Seroprevalence could only be calculated for animals of at least 5 months of age as not enough younger boar were sampled. There are two reasons why the predicted age-prevalence relation cannot be extrapolated to younger ages. Firstly, abandoning the nest and weaning occur gradually [28], [29]. Therefore, exposure to environmental oocysts and, consequently, the infection rate are still increasing at very young age. Secondly, young piglets may be protected against infection by maternal antibodies, leading to a measurable but transient antibody titer that protects them against infection but is not the result of infection. As weaning of the entire litter is complete at on average 17.2 weeks after birth for domestic pigs in a semi-natural environment [29] both an estimated seroprevalence of 0% until 2.5 months of age (SIS-model), and a seroprevalence of 13% at age 0 (SI-model) due to maternal antibodies are possible, but, as explained, the actual seroprevalences may differ.

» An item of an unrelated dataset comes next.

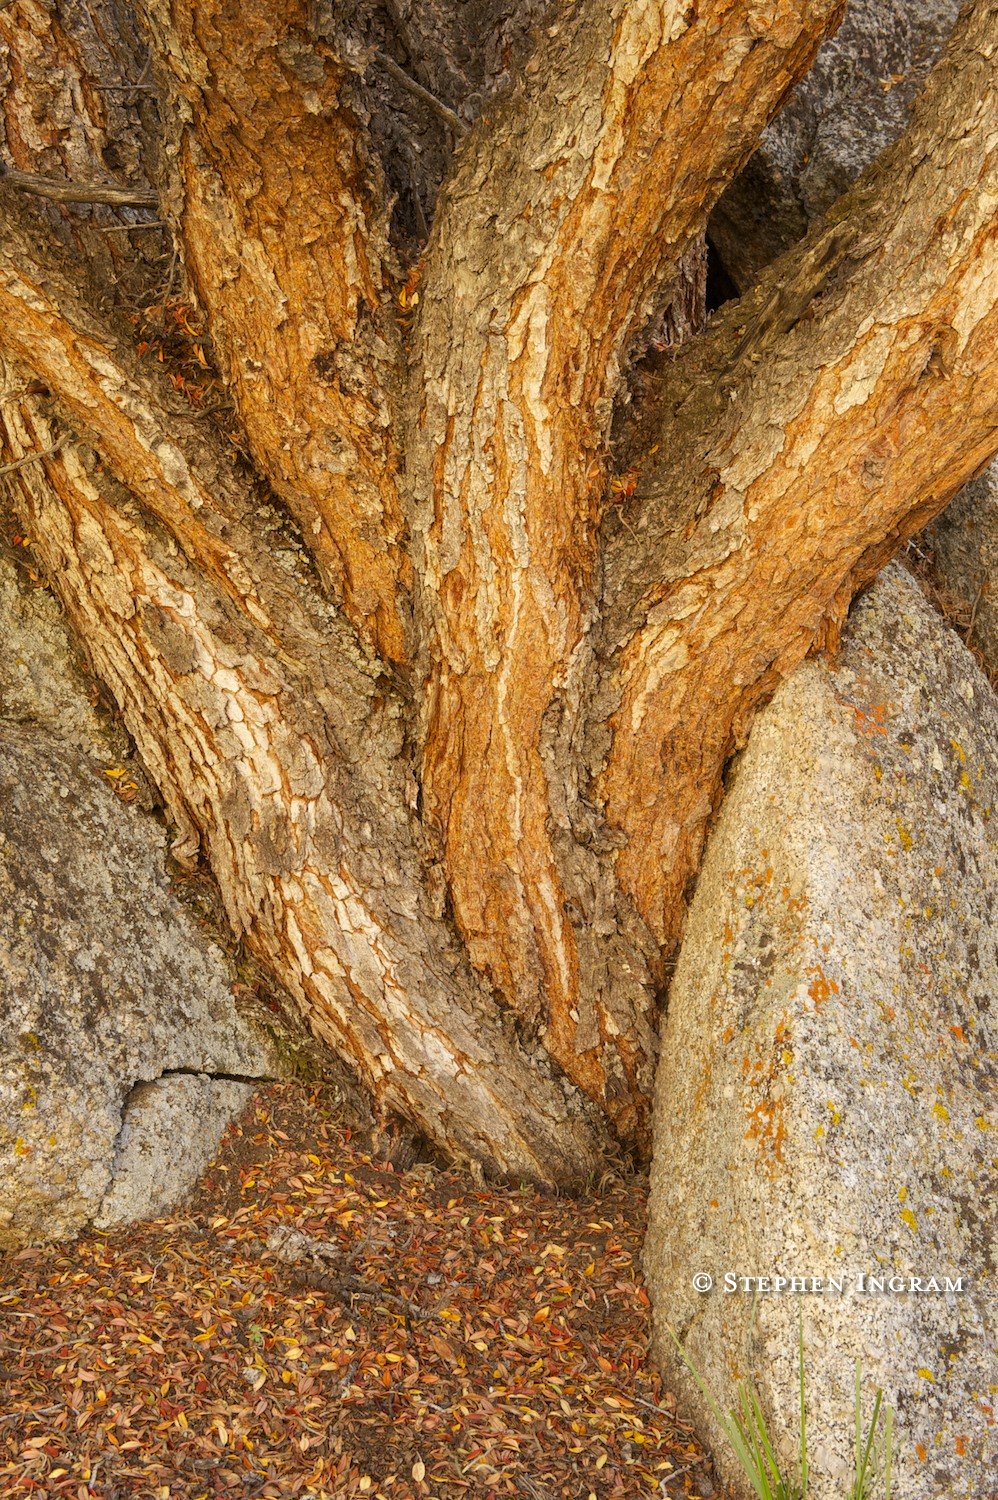 Mountain mahogany trunks among granite rocks, White Mountains, CA

In conclusion, we have shown a high seroprevalence of T. gondii in wild boar that was equal over the sampling years and regions. As the seroprevalence is high, consumption of raw or undercooked wild boar meat may pose an important risk of infection. The stable seroprevalence indicates a constant infection pressure from the environment. In addition, we found an age-seroprevalence relation that is inconsistent with a constant infection rate in combination with lifelong immunity. A model including reversion to susceptible state fitted the data nicely. This may mean that a negative serological test does not exclude prior exposure to T. gondii and, if the loss of antibodies is preceded by a loss of tissue cysts, that wild boar can clear their infection. But before drawing these conclusions, the actual mechanism behind the stabilization of seroprevalence at around 35% requires further investigation, for example by longitudinal follow-up of infected wild boar regarding presence of antibodies and tissue cysts.